Bab 7. Saudara

 



“Lu Mingshu…”


Mingshu bergumam, mengulang nama itu. Saat butiran keringat dingin mulai terbentuk di dahi Lu Chang, dia akhirnya berkata, "Kedengarannya cukup bagus."


Lu Chang tidak yakin mengapa dia merasa begitu gugup. Mendengar ini, dia menghela napas lega, tetapi kemudian dia(JMS) bertanya, "Siapa yang memberiku nama ini?"


“Itu mendiang ayahmu,” jawab Lu Chang dengan ekspresi tak tergoyahkan.


Menyerahkan pada mendiang merupakan pilihan yang paling aman, apalagi memang benar ayahnya yang memberinya nama tersebut.


“Ayahku sudah meninggal?” Mata Mingshu tertunduk. Dia menatap Lu Chang, lalu menatap Nyonya Zeng.


Melihat kebingungan dan rasa ingin tahu di matanya, Lu Chang segera berkata, “Kamu baru saja bangun, jadi jangan memaksakan diri dengan mengajukan terlalu banyak pertanyaan. Masa lalu adalah cerita yang panjang. Mungkin suatu hari kamu akan mengingatnya sendiri. Jika kamu masih tidak dapat mengingatnya, aku akan menceritakan semuanya kepadamu saat kamu sudah lebih baik. Untuk saat ini, kamu perlu beristirahat dan memulihkan diri.”


“Ya, kamu pasti lapar setelah sekian lama tidak sadarkan diri. Aku akan membuatkan bubur untukmu,” kata Nyonya Zeng, tidak ingin terjebak dalam situasi yang sama dengan putranya. Dia segera pergi.
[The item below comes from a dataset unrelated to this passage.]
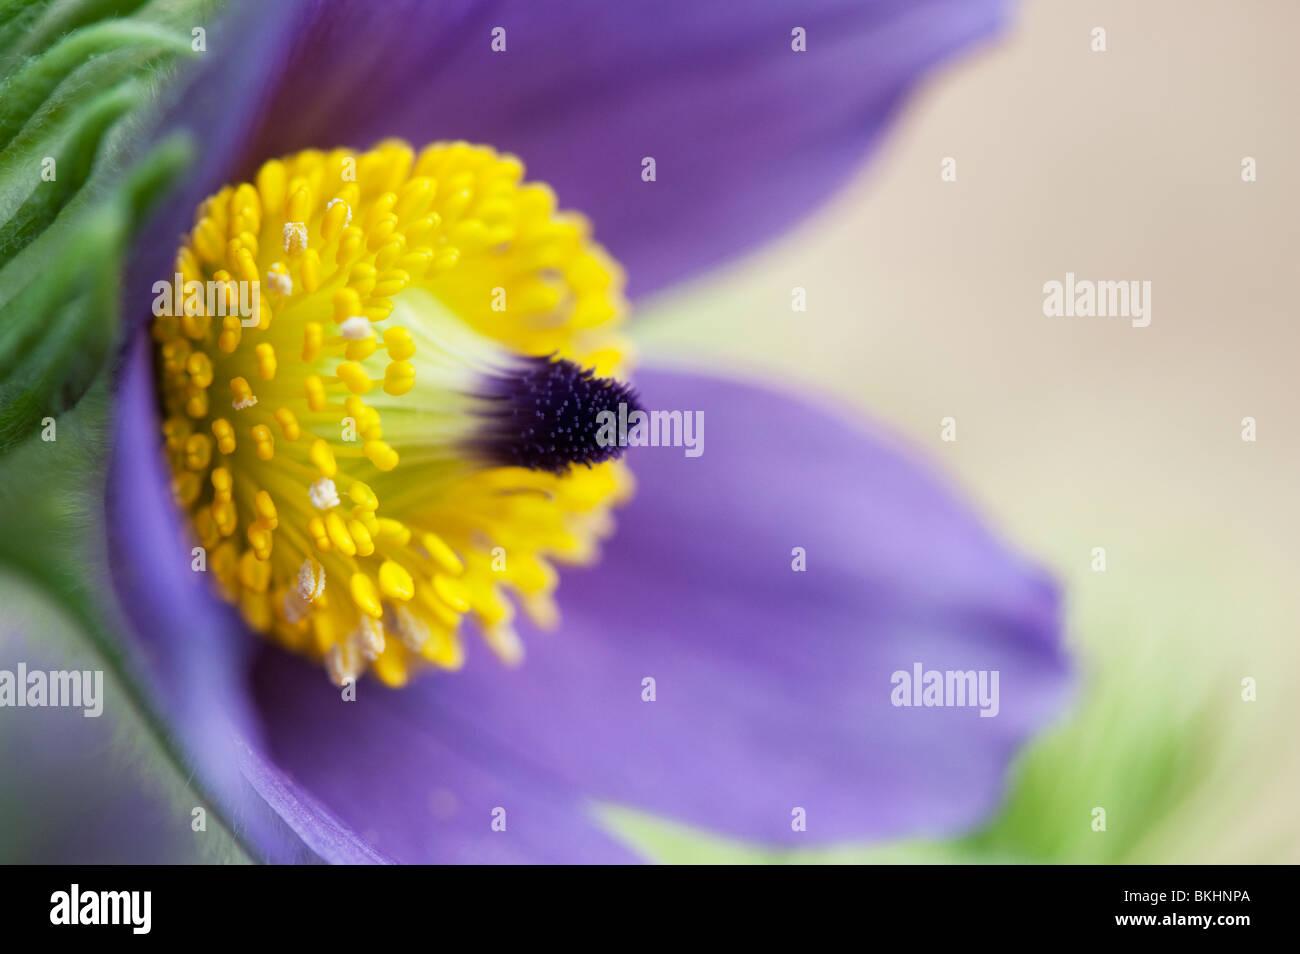 Pulsatilla Vulgaris. Pasque flower - Stock Image

Untungnya, Mingshu tidak bertanya lebih lanjut. Luka-lukanya masih terasa sakit, dan dia merasa pusing dan lemah setelah berbicara beberapa patah kata. Dia berbaring di tempat tidur, menatap kosong ke langit-langit, tidak berani memikirkan apa pun.


Berpikir membuat kepalanya sakit.


Dia telah menjadi seseorang yang tidak memiliki masa lalu.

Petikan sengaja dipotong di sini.